## EXERCISE AIM
Set the pictures aside and write down, exactly as they appear, the lines from the one containing "Katyayani Prom Organic" through the end of the material.

## DATA BELOW
· · · ·

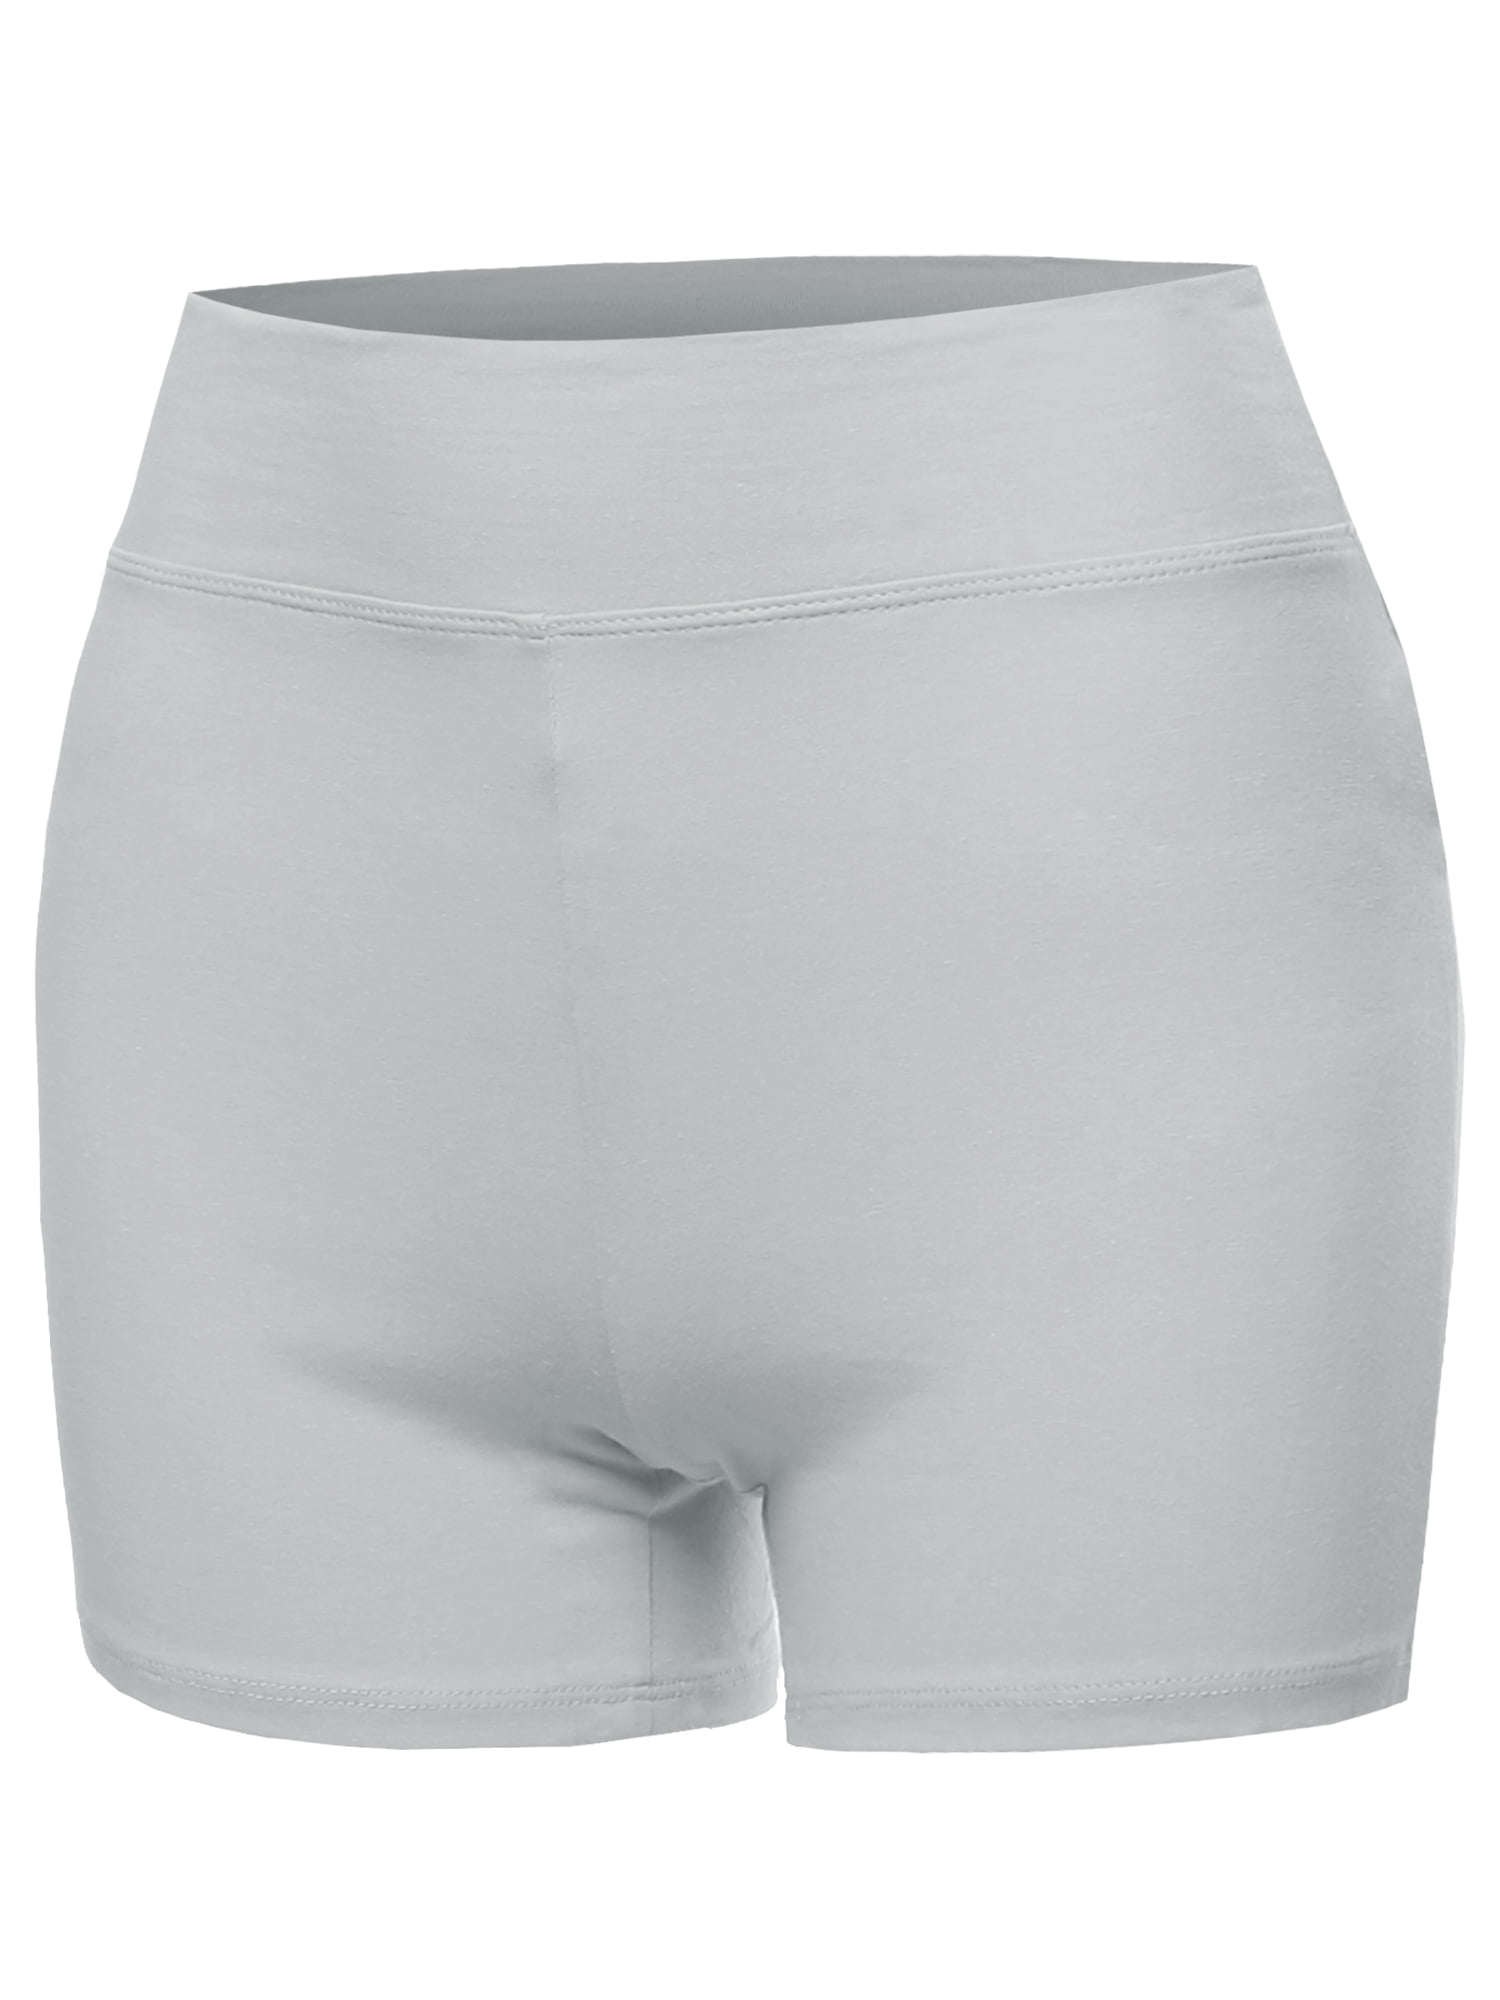 A2Y Women's Basic Solid Premium Cotton High Rise Bike Shorts Grey Mist ...
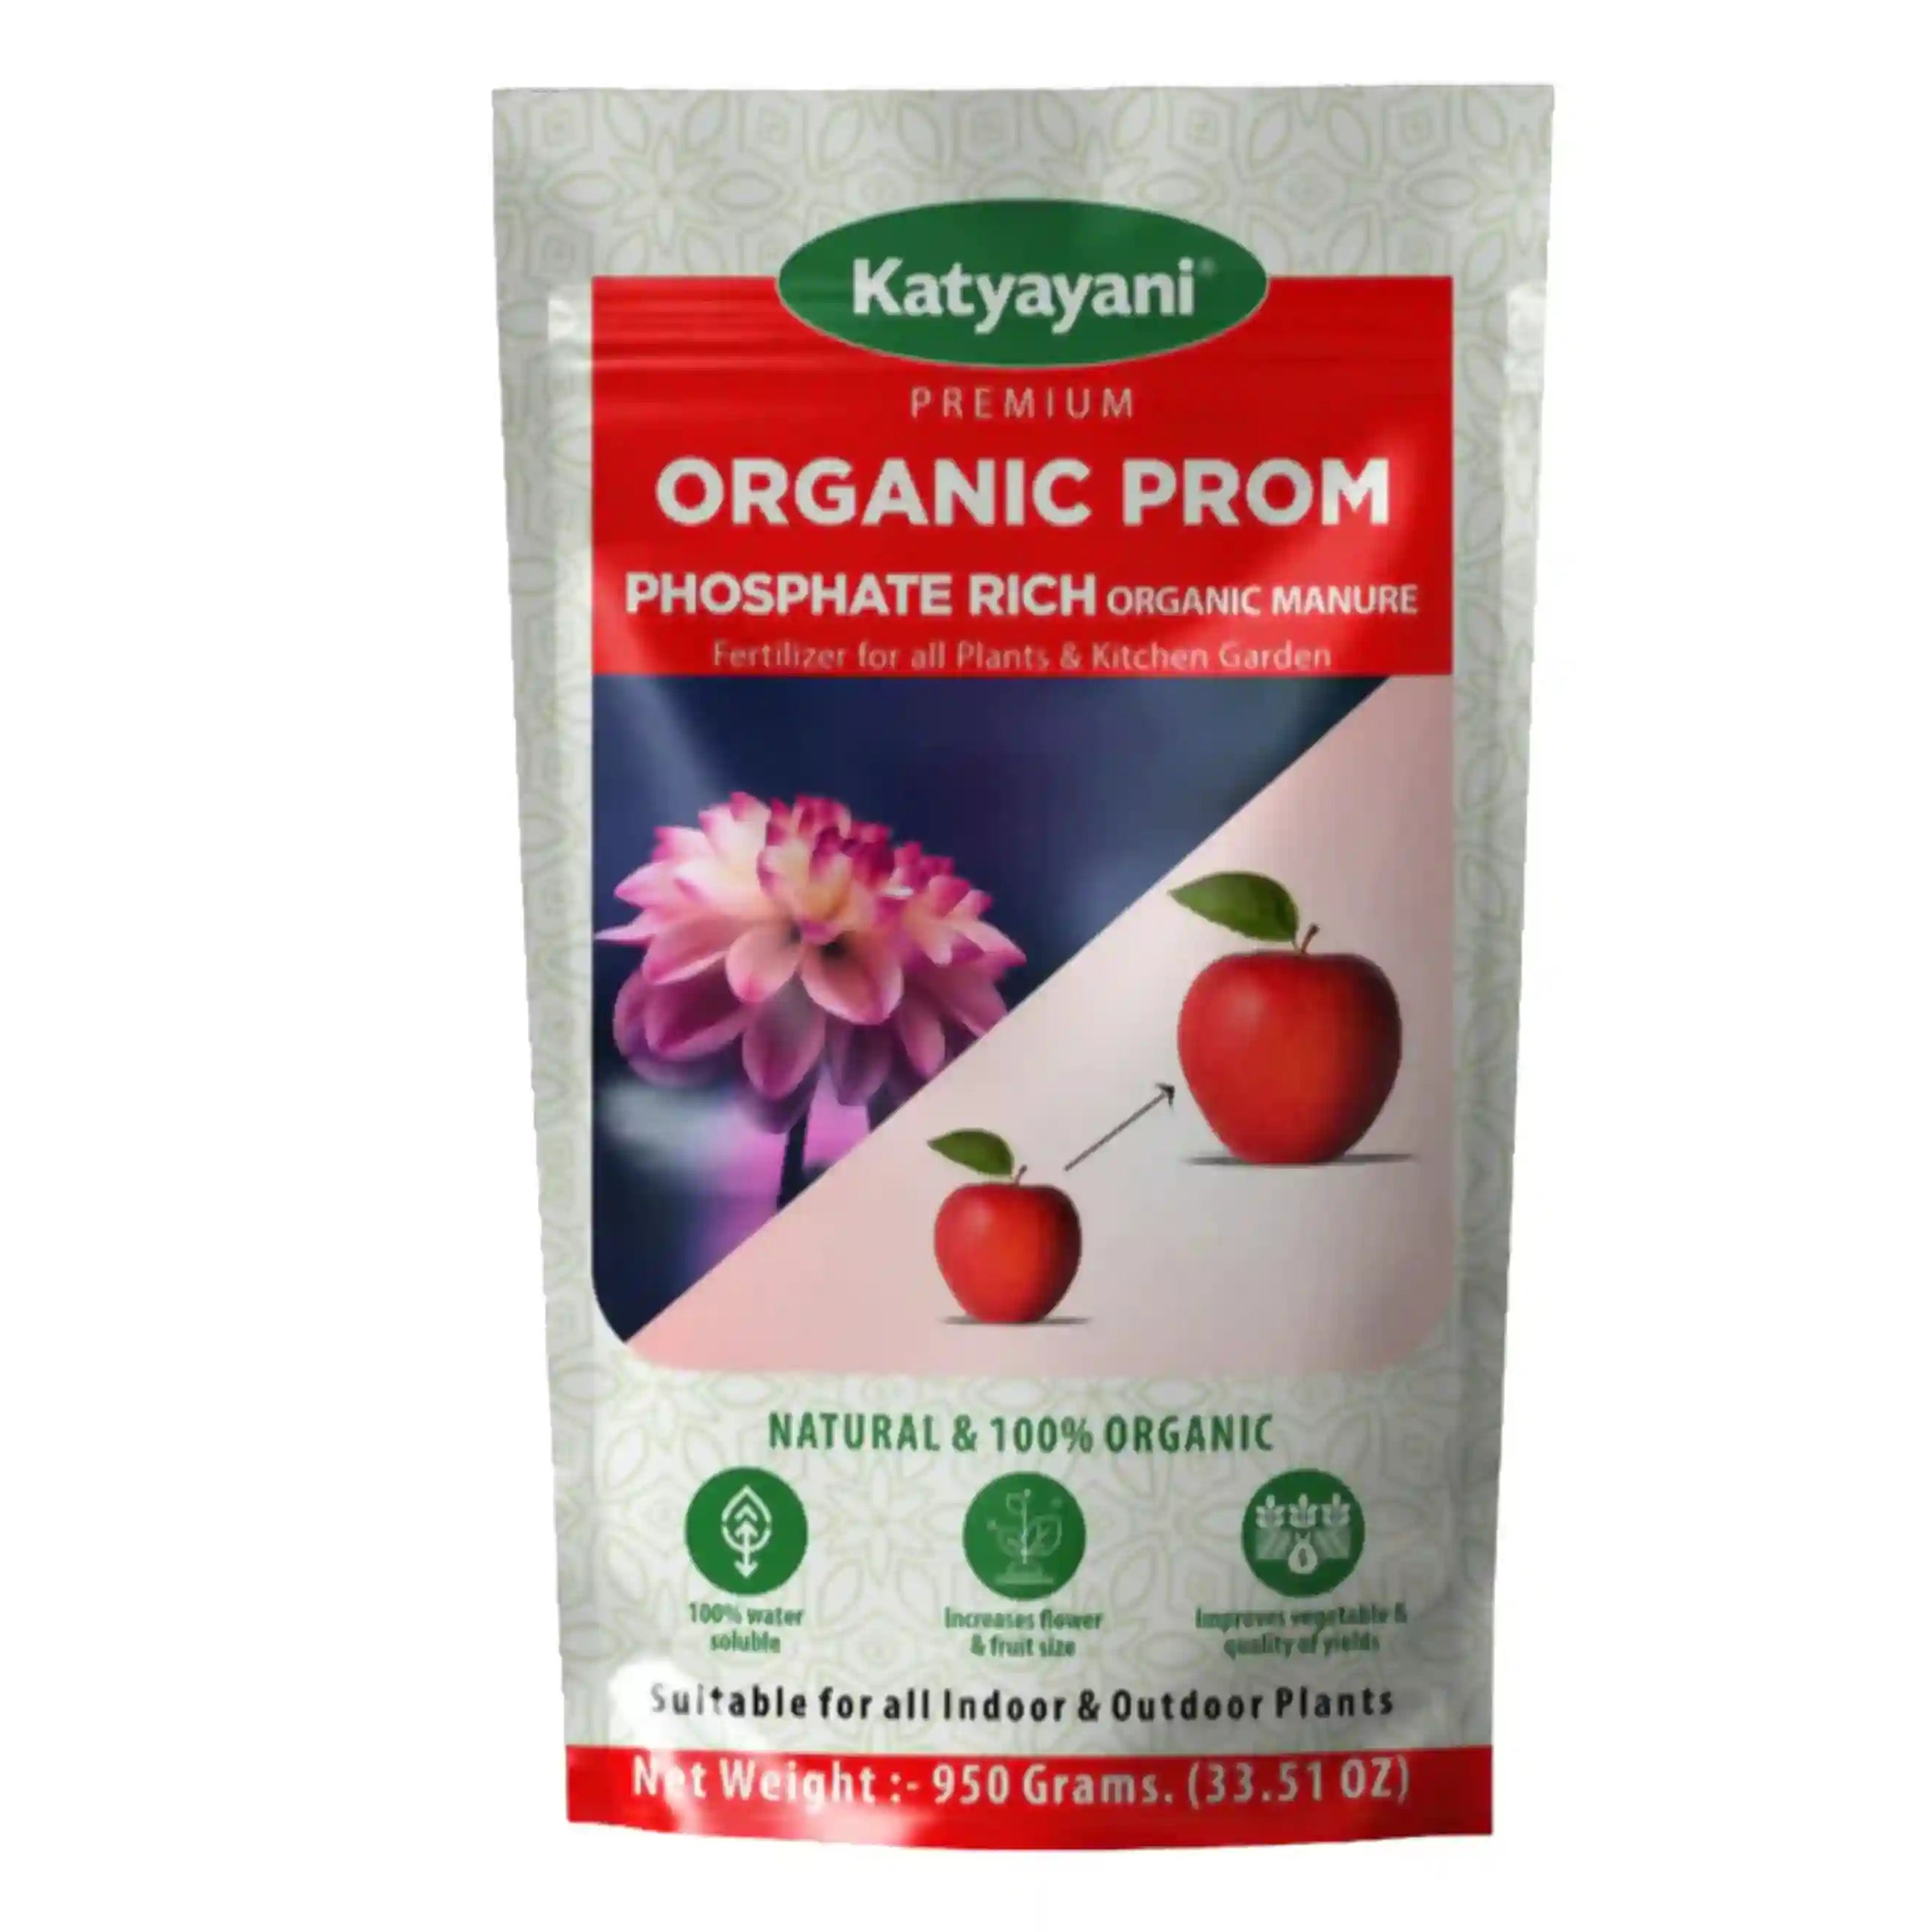 Katyayani Prom Organic Fertilizer | Phosphate Rich Organic Manure | Fertilizer
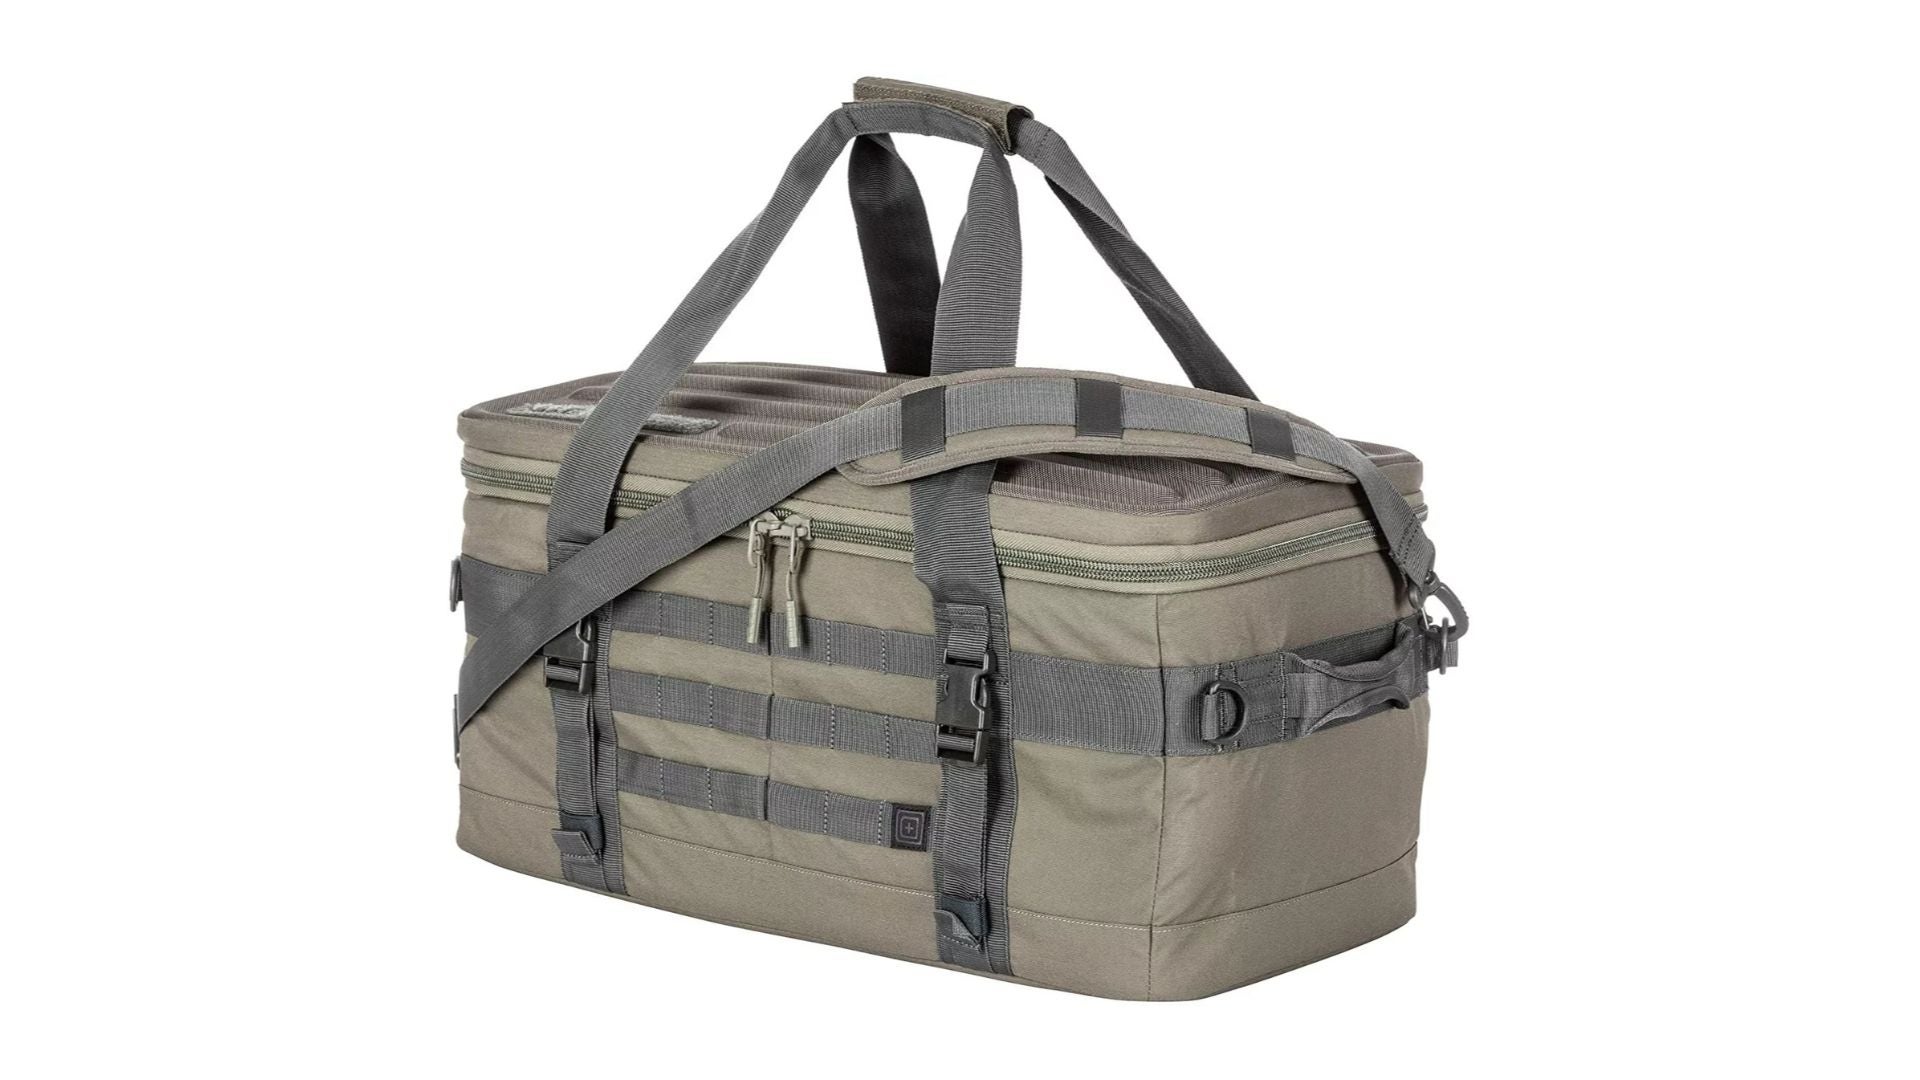 Modern Warrior Range Bag 20" Hunting Supplies Shooting Gear Bag Handgun Case

· · · ·

## WRITTEN RESPONSE
 Katyayani Prom Organic Fertilizer | Phosphate Rich Organic Manure | Fertilizer
 Modern Warrior Range Bag 20" Hunting Supplies Shooting Gear Bag Handgun Case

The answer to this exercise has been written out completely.